Arranged Love
Page 17
‘Why didn’t I say no to him straight away?’ I asked puzzled.
‘It can’t be because you care for him. You are not the selfless, mahatma kind,’ Di stated, with absolute confidence in my imperfect humanness. Her eyes were still sombre but I was glad that she had regained her sense of humour.
‘Yeah, I know,’ I promptly agreed, relieved to be able to talk without any façade. Being the only child, I had always felt this pressure of being extra good, of doing what my parents would deem right. Yet, I was a normal human being with my own set of weaknesses. I liked to splurge on my shoes even though I knew that there were kids living on the street that roamed barefoot. I often judged people by their clothes and I sometimes picked my nose and threw the booger on the ground. Di, however, was one person with whom I could be just me, without having to be an idle daughter, the perfect girlfriend or a good, moral citizen.

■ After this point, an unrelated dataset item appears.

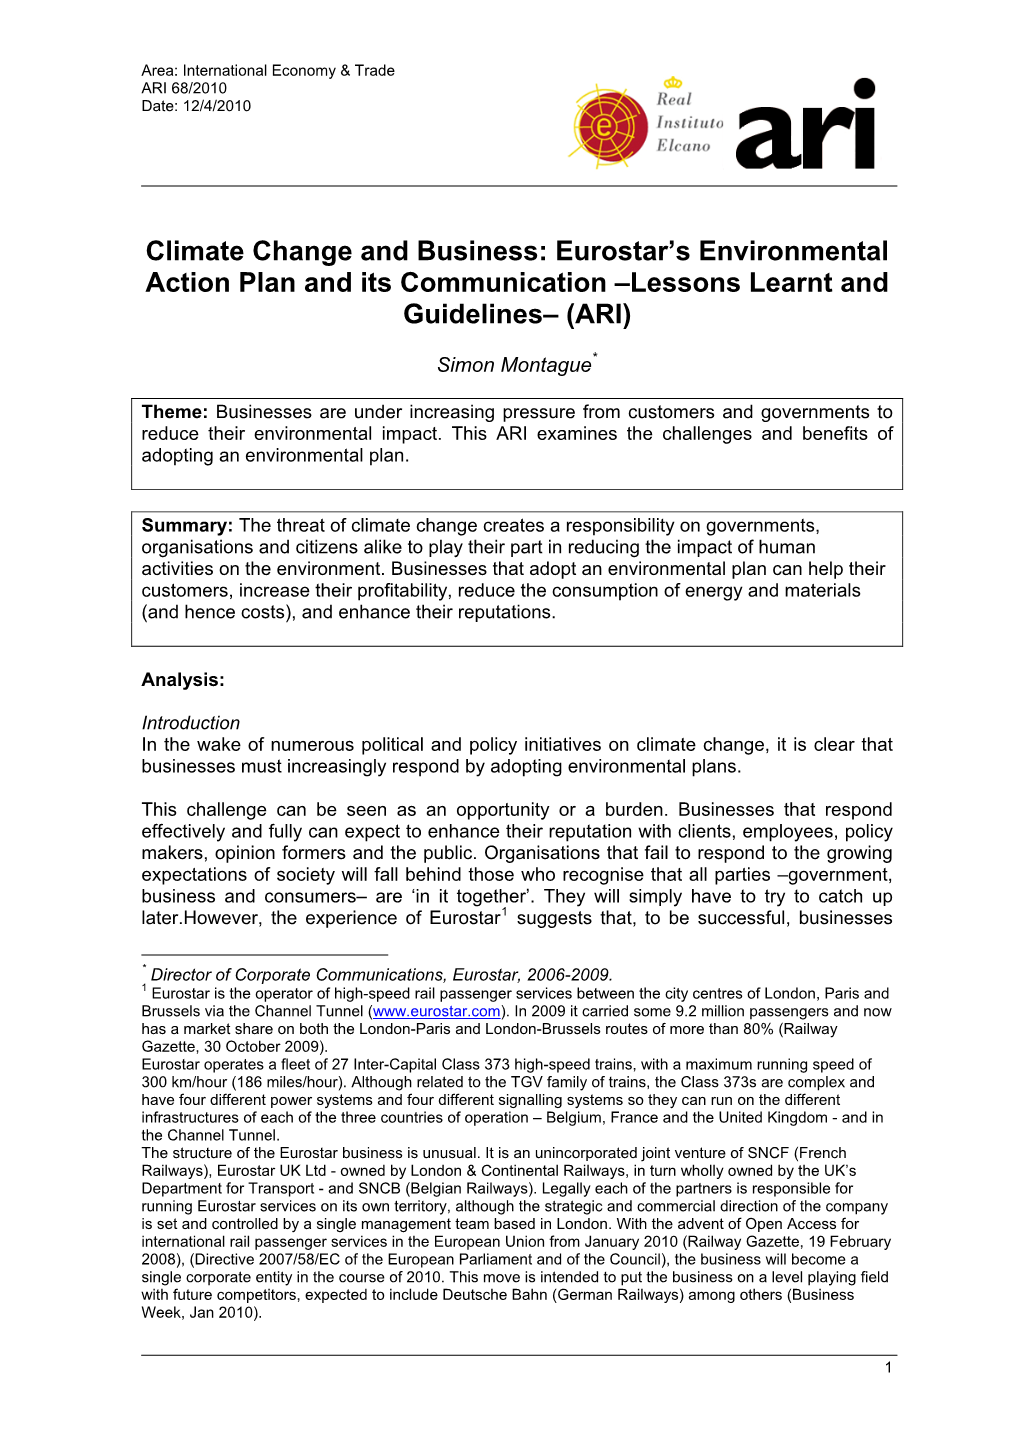 Climate Change and Business: Eurostar's Environmental Action

‘Do you think I simply wanted to keep my options open?’ I speculated.
‘If you were in high school or college, I would say yes. A long-term relationship for the vast majority of kids these days lasts a semester or two. You break up with one guy and hook up with another. It’s almost like picking up a new mobile phone,’ stated Di.
I found myself agreeing with Di that the affairs of the current generation were more like accessories. A clear proof was the popular chartbuster ‘Peechle saat dino mein’ which compared losing one’s heart to losing a denim jacket, a silver ring, a half-read novel and a new pair of sunglasses. I mean, nothing could have captured the commodification of love better than this song.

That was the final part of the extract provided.